Japanese Prints: Iki
CURRICULUM

Kitagawa Utamaro, The Treasure of Children Compared to the Arts of the Geisha (#108), ca. 1800

Kitagawa Utamaro, from the series Beautiful Women in Imitation of the Chushingura, #107, late 1790s

Kitagawa Utamaro, Journey of a Princess, ca. 1780

Kitagawa Utamaro, from the series Beautiful Women in Imitation of the Chushingura, #107, late 1790s
Essay: ‘Iki’ (粋 / いき)
By Benjamin Hoffman
‘Iki’ (粋 / いき) refers to an aesthetic style and a disposition, or quality of the personality. It is world-weary and sensual, precise in its expression yet broad in its applicability. It can be translated roughly as ‘chic,’ or maybe ‘cool,’ (it has been called also ‘‘urbane, plucky stylishness”) and it has in common with these terms the fact that it can be applied to a person’s way of living as well as to objects. A person who displays iki is constantly aware of impermanence, and yet permits herself the experience of love – or at least lust – and aesthetic enjoyment; but never naively, or too eagerly, or without distance. She is aware of trends but tired of history. Iki involves a Buddhist longing for freedom from time and change. But iki is rooted in the everyday world, as a personal style and a quality of art and design. It is minimalistic but never ascetic. A simple black dress (or better yet gray) is iki. A habit is not; nor are sweatpants. Abstract expressionism can be iki: Barnett Newman, perhaps; de Kooning, no. As a ‘style’ in the broad sense, iki is a moral disposition, an aesthetic category, and a kind of religiosity, all at once. Among other Japanese aesthetic categories, like mono no aware, yugen, or wabi-sabi, iki is an ill-fit for schemas like that of the Kantian beautiful and the sublime, which draw a line around art and aesthetics, distinguishing these from morality and religion.
Once you have set eyes on the vague traces of warm and sincere tears behind a bewitching, lightly-worn smile, you will have been able to grasp the manifestation of iki for the first time. Perhaps the ‘resignation’ in iki is a mood produced by over-ripeness and decadence. … the Buddhist world view is one which sees transmigration and transience as the form of the determined, and puts nothingness and nirvana as the principle of the non-determined.

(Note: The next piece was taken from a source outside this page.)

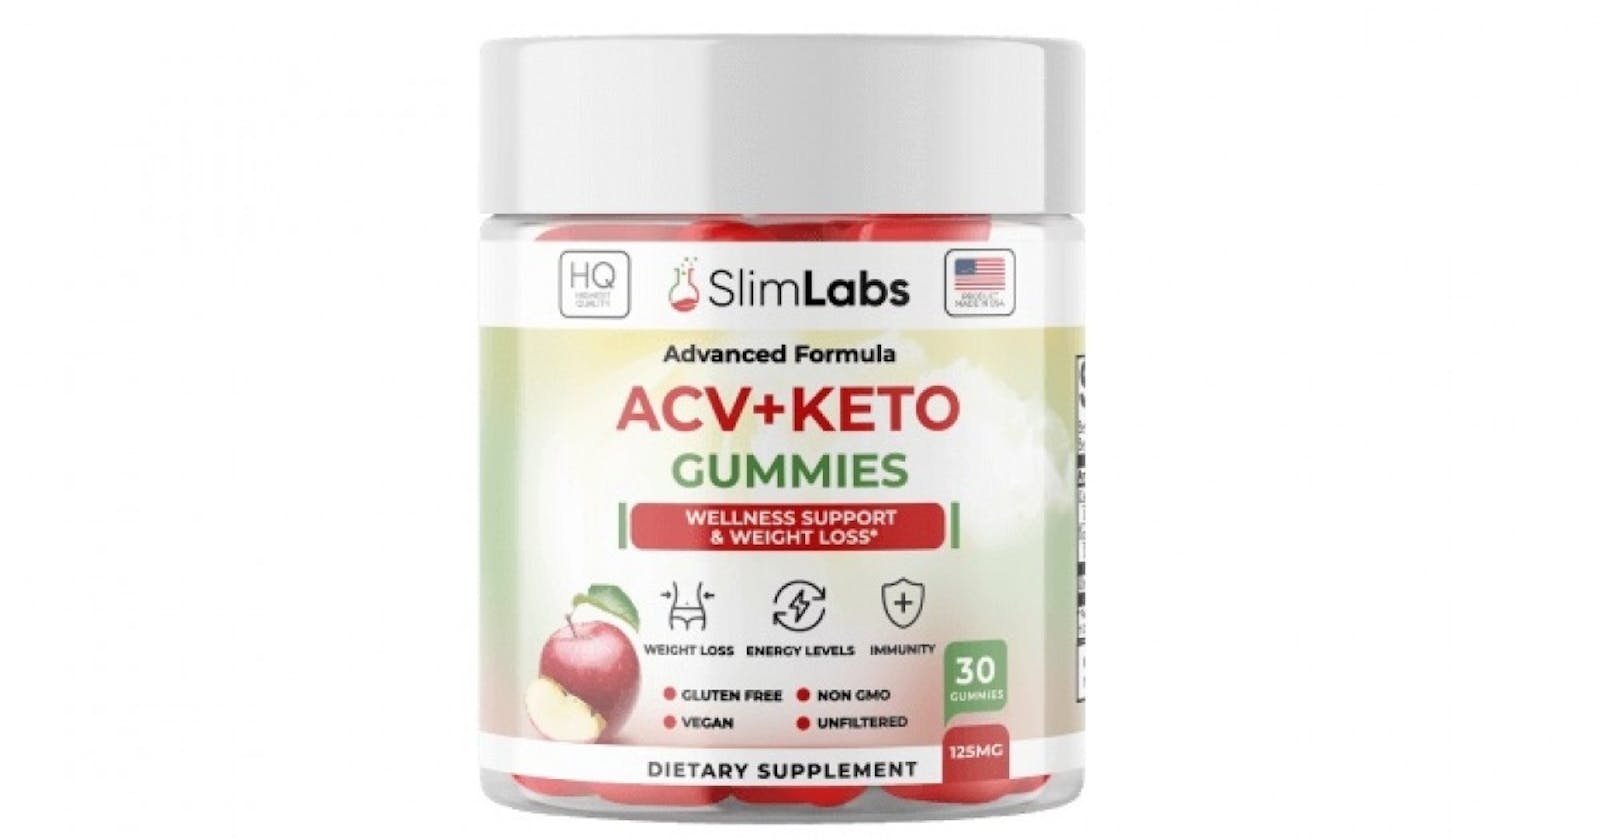 What are the benefits of Platinum Label Keto ACV Gummies and is it safe to use?

It is a religious view of life which basically preaches resignation in the face of evil karma and teaches contemplation towards fate. There is no doubt that such a view emphasizes this moment of transformation which reveals itself in iki. (Clark 43)
This passage, from Kuki Shuzo’s (1888-1941) The Structure of Iki (1930), was written in light of Japan’s ongoing process of modernization, as an investigation of modernity and tradition. Kuki was born twenty years after the 1868 start of the Meiji Restoration: a period of intentional, systematic modernization, following an 1853 appearance of British warships. An awareness of the demand for modernization, as a matter of Japan’s self-preservation, was coupled with concern about what would be lost and what could be preserved. Kuki received a western education, and at 23 converted to Catholicism. He studied in Heidelberg and Paris, where he was tutored in French by Jean-Paul Sartre (1905–80), and introduced the latter to the works of Martin Heidegger (1889-1976). Kuki was, therefore, a major influence in the development of Sartre’s existentialism, as presented in Being and Nothingness.
(For an introduction to Sartre’s existentialism, see “Existentialism is a Humanism.” )
Through the lens of a European education and the then radical phenomenology of Heidegger and Edmund Husserl (1859-1938), Kuki turned to questions of Japanese tradition, and found in iki a deeply familiar Japanese notion that could not be adequately translated into a European language. This does not necessarily mean that it cannot be understood by non-Japanese persons. But the discourse of art and ethics and religion in Europe did not have a place for it, or an adequate correlate.
Kuki saw a possibility for translation by way of Heidegger’s phenomenology. Heidegger’s attempt to describe the world without a fundamental division between subjects and objects (persons having experiences and the world as experienced), to give an account of everyday life in its ordinariness, and to ask about ‘the question of the meaning of being,’ was an inspiration for Kuki in his discussion of iki, which similarly displays contact with both the ordinary and the transcendental, or the everyday and the religious.
The Structure of Iki is, therefore, a work of phenomenology, following Husserl’s principle “to the things themselves”—which means it is an attempt to describe rather than “explain” the world, where the latter would involve an account of causal mechanisms, like science. The Structure of Iki concerns ‘tradition’ as what structures the world as it is lived, but as expressed in Japanese urban centers and as persisting through modernization: new technology, bureaucratization, and political reform. It is as an aesthetic quality visible at once, and in this sense ‘universal’ (as Kant would say about the beautiful) or perhaps ‘general’; but it is at the same time a feature of a very specific Japanese context. By analogy and translation, and in Japanese art, we can see iki but perhaps only in a limited way. The question of whether we see it or of what can be translated is one of the major concerns of Kuki’s book.
Of course, meaning and language attached to so-called natural phenomena have a certain universality. That universality is, however, never absolute. For instance, if we compare the French ciel or bois to the English sky and wood and the German Himmel and Wald, the meanings of these words are not necessarily identical. This is a fact that anyone who has lived in one of these countries would readily comprehend. … If words describing natural phenomena already differ in this way among languages, we cannot hope to find precise counterparts in one language for words describing specifc social phenomena in other languages. (Nara 14-15)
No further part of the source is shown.